Anya Chalotra (born July 1995) is a British actress primarily known for her role as Yennefer of Vengerberg in the Netflix original series The Witcher. She is also known for appearing in Wanderlust.

Early life 
Chalotra was born in Wolverhampton, England, to an Indian father and English mother. She grew up in the village of Lower Penn, in South Staffordshire, where she lived with her parents and two siblings, an elder sister Reeya and a younger brother Arun. Chalotra completed her schooling at the St Dominic's Grammar School in Brewood and later completed the one-year foundation course at the London Academy of Music and Dramatic Art before training for three years at the Guildhall School of Music and Drama.

Career 
Chalotra has starred in several stage productions, including Much Ado About Nothing until 15 October 2017 and The Village until 6 October 2018.

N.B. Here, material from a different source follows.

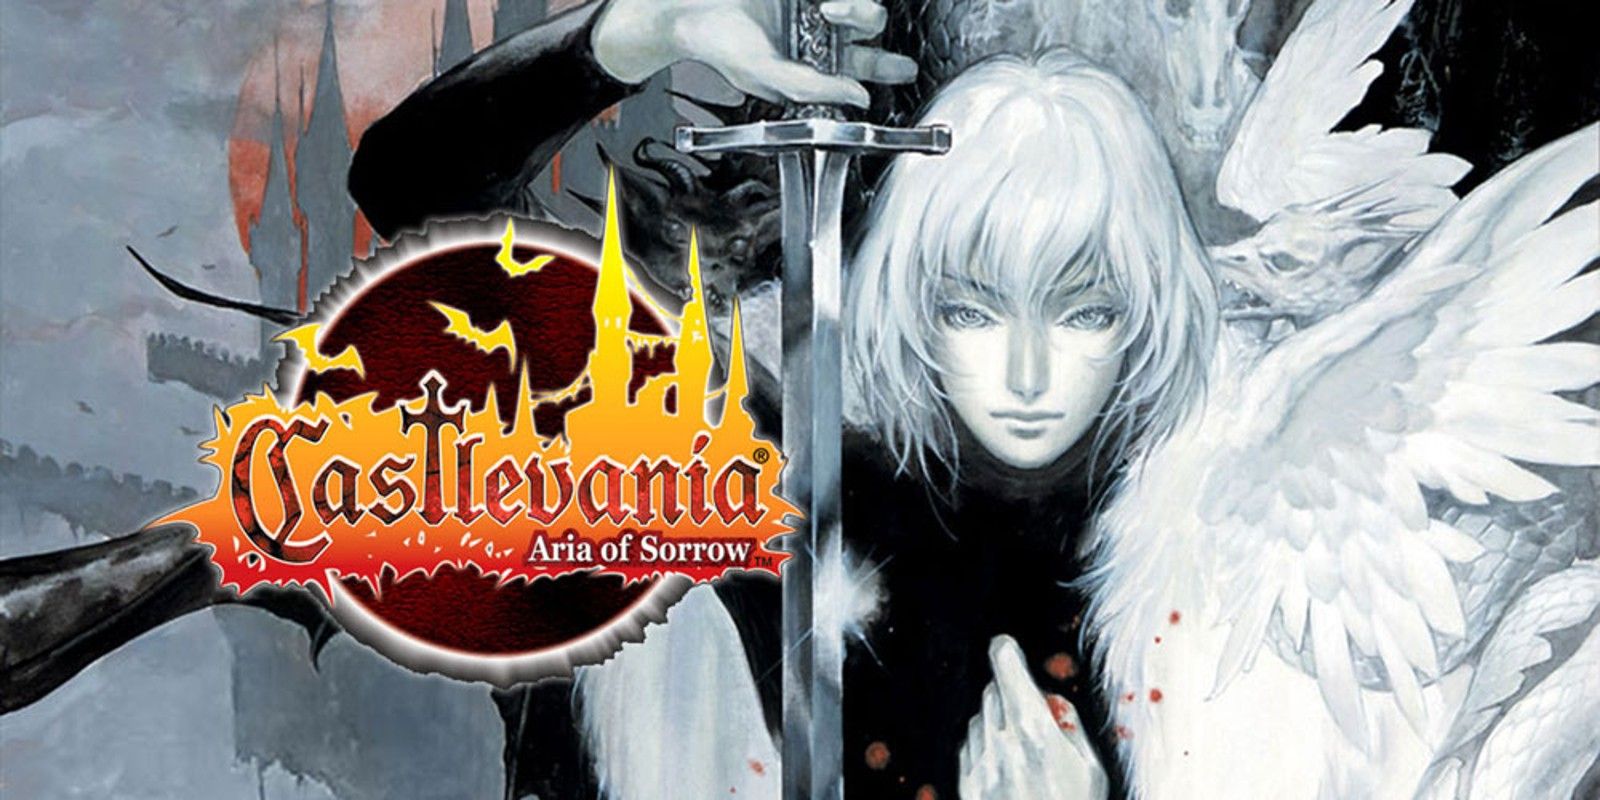 Castlevania: Aria of Sorrow cover art featuring Soma Cruz drawing his sword.

Chalotra currently stars in a main role as Yennefer of Vengerberg in the Netflix fantasy drama The Witcher. She has featured in both seasons released to date; the first season premiered on 20 December 2019, with the second following on December 17, 2021.

Chalotra was listed as one of Screen Daily's Stars of Tomorrow 2020.

On 15 July 2020, it was announced that Chalotra would be headlining the voice cast of a sci-fi animation series NEW-GEN.

On 30 September 2020, Chalotra starred in a television short film special called No Masks that aired on Sky Arts. The special is based on real-life testimonies of key frontline workers in East London during the COVID-19 pandemic.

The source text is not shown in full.